Merz also rejected arguments that death by lethal injection, Ohio’s form of execution, is unconstitutional.
The court had partially granted Hand’s 2007 request to compel members of his previous legal team, including local attorneys Terry Sherman and Richard Cline to testify. That testimony took place in hearings on Feb. 11 and 12, 2010.
However, Merz found that Hand’s defense had been legally sufficient.
Hand’s legal team plans to object to the magistrate’s latest recommendation, Cincinnati-based defense attorney Jennifer M. Kinsley said in Wednesday court filing.
Hand’s lawyers have until June 13 to file those objections.
Once the magistrate makes a final recommendation, Hand’s lawyers will object again, Kinsley said in an email to the Gazette. Once that recommendation is vetted, the U.S. judge that supervises the magistrate will make a ruling.
The latest step in the process could take anywhere from a few months to a year, Kinsley said.
Hand, 62, has been in prison since June 2003. A Delaware County jury convicted him in the 2002 murders of his fourth wife, Jill Hand, 58, and a friend, Walter Welch, 55, and sentenced him to death.

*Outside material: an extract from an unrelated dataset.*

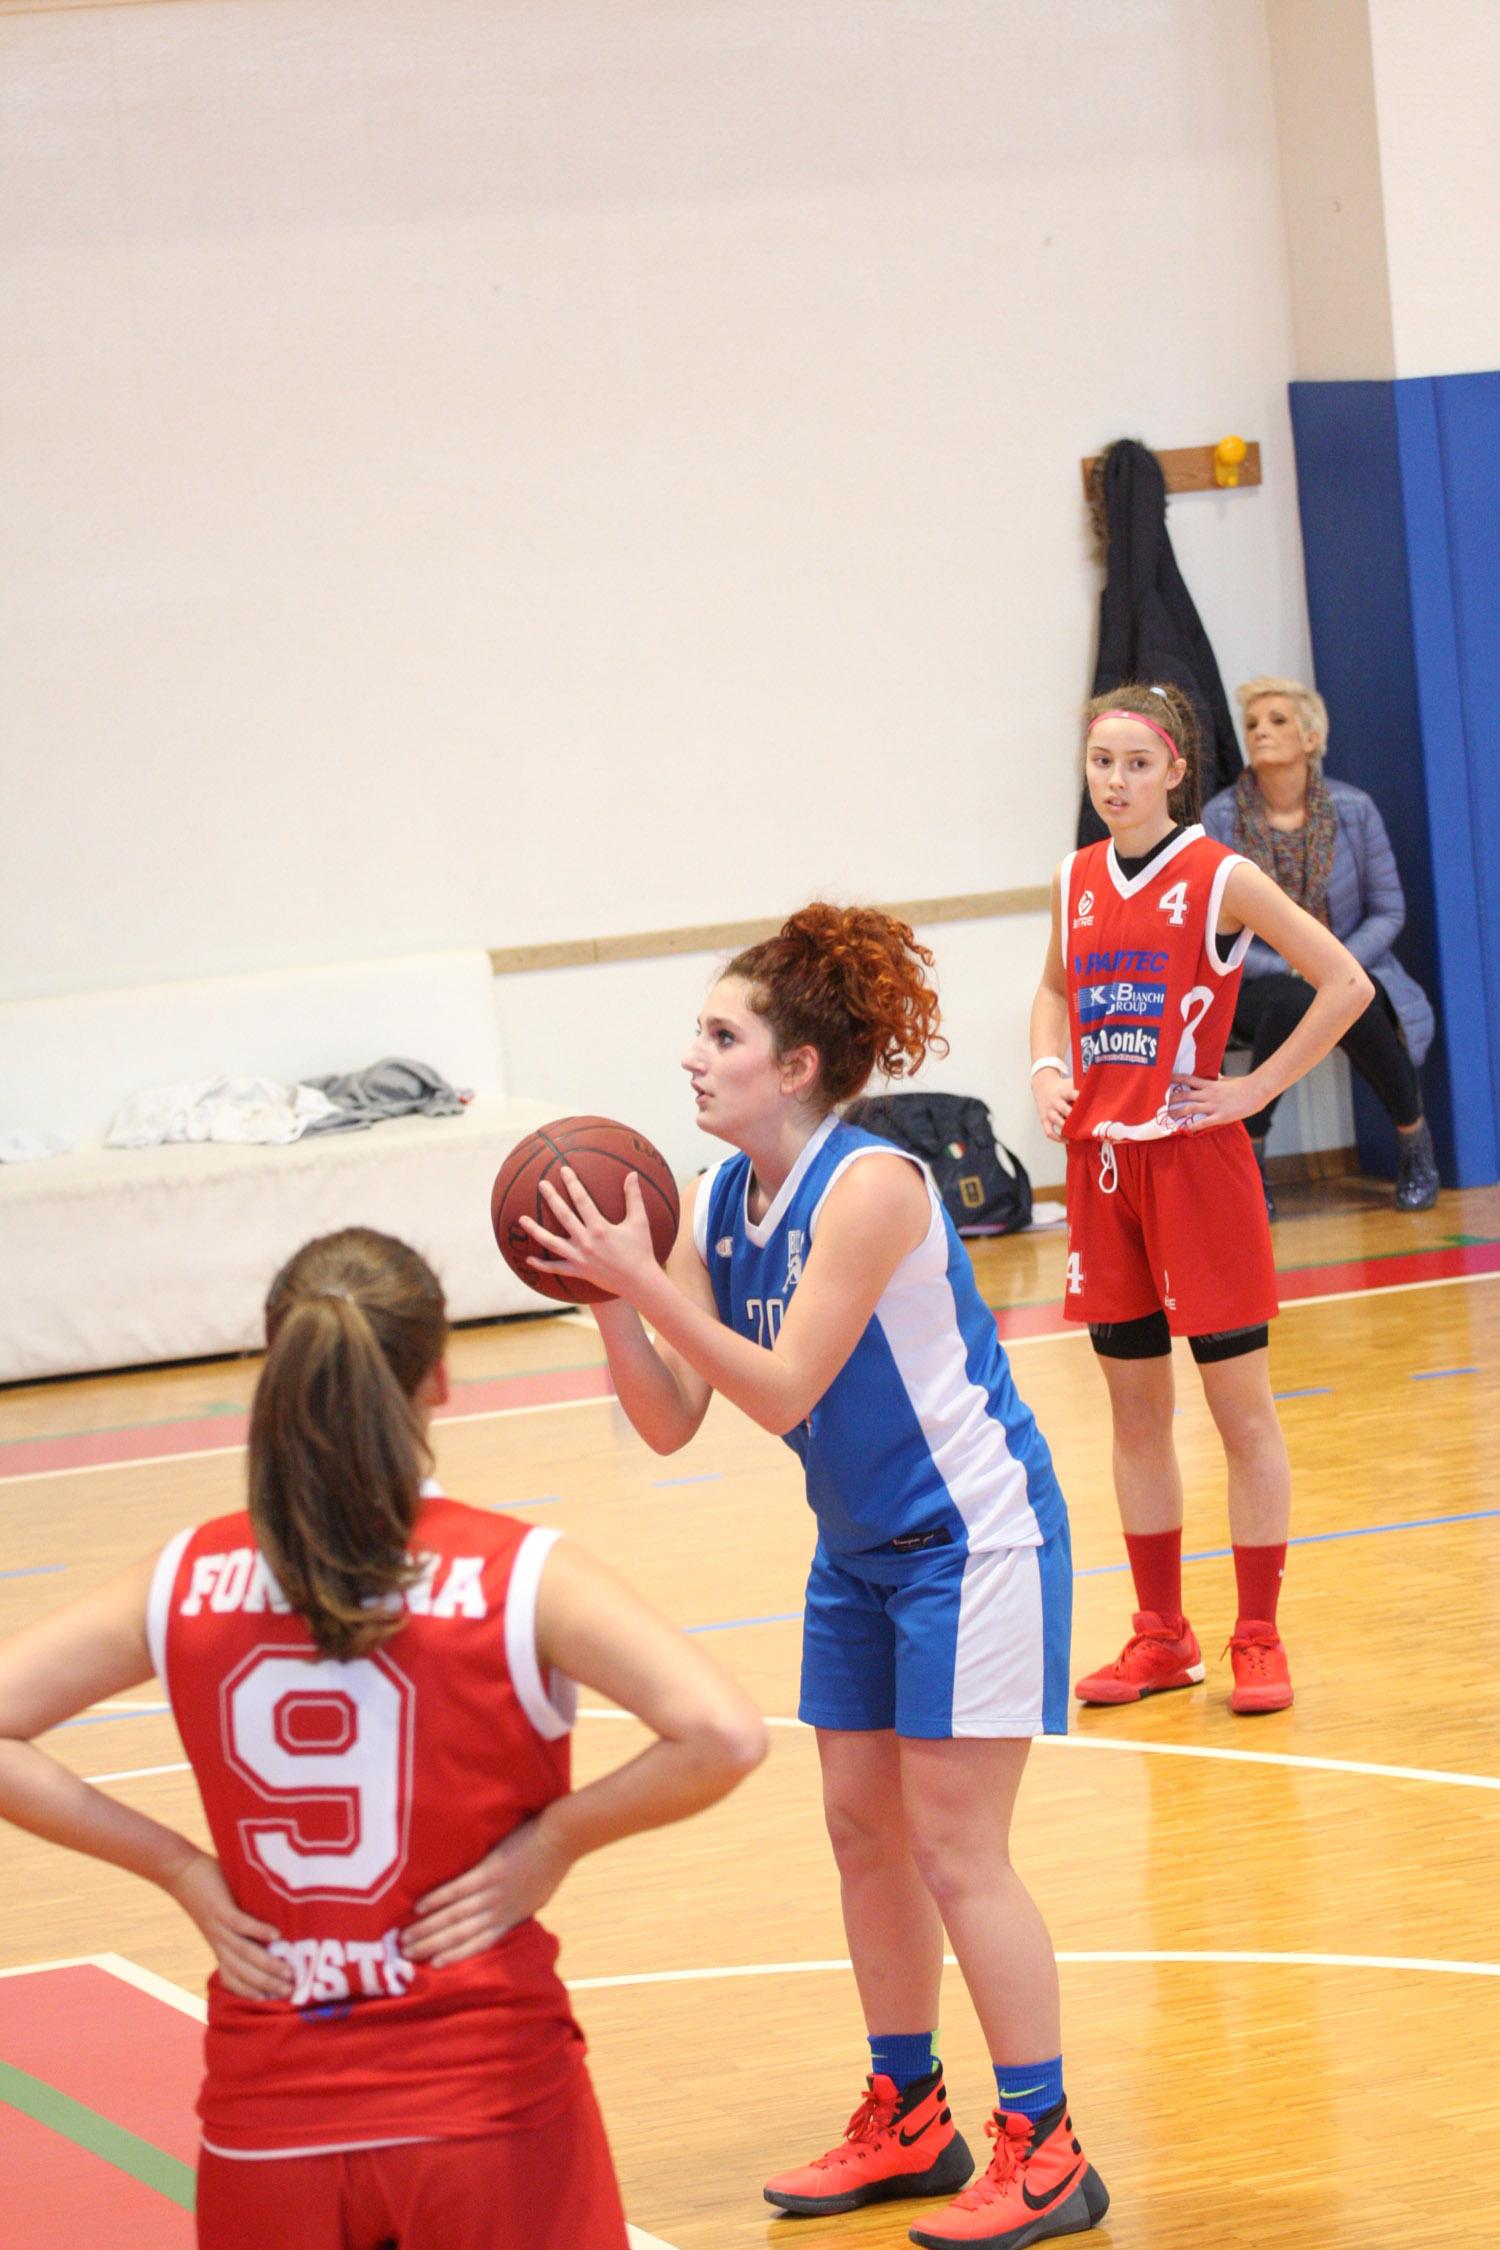 U16E - Costa Masnaga vs Baskettiamo Vittuone 2001 00020.jpg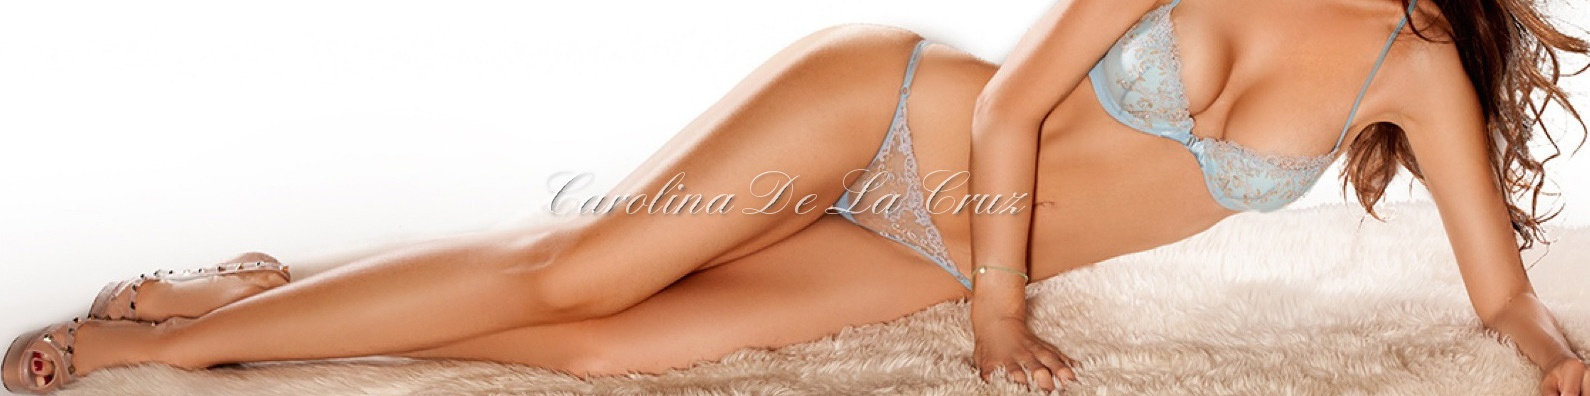 Carolina De La Cruz's Cover Photo

Hand has no current execution date. At one time, he was scheduled to be executed on April 25, 2006, but a judge postponed that date as the appeals process plays out, according to court records. The average death row inmate in Ohio waits 13 years before he or she is executed.
Hand arranged for Welch to kill his fourth wife at the Hands’ Delaware County home, prosecutors argued in 2003. However, he then shot them both, killing them. Hand’s conviction was the first Delaware County death penalty conviction in recent memory.
The A&E cable television network portrayed Hand’s case as “The Black Widower” in 2004. During the trial, witnesses testified Welch had helped Hand kill his first two wives in Columbus. The two men split the resulting life insurance windfall, prosecutors argued.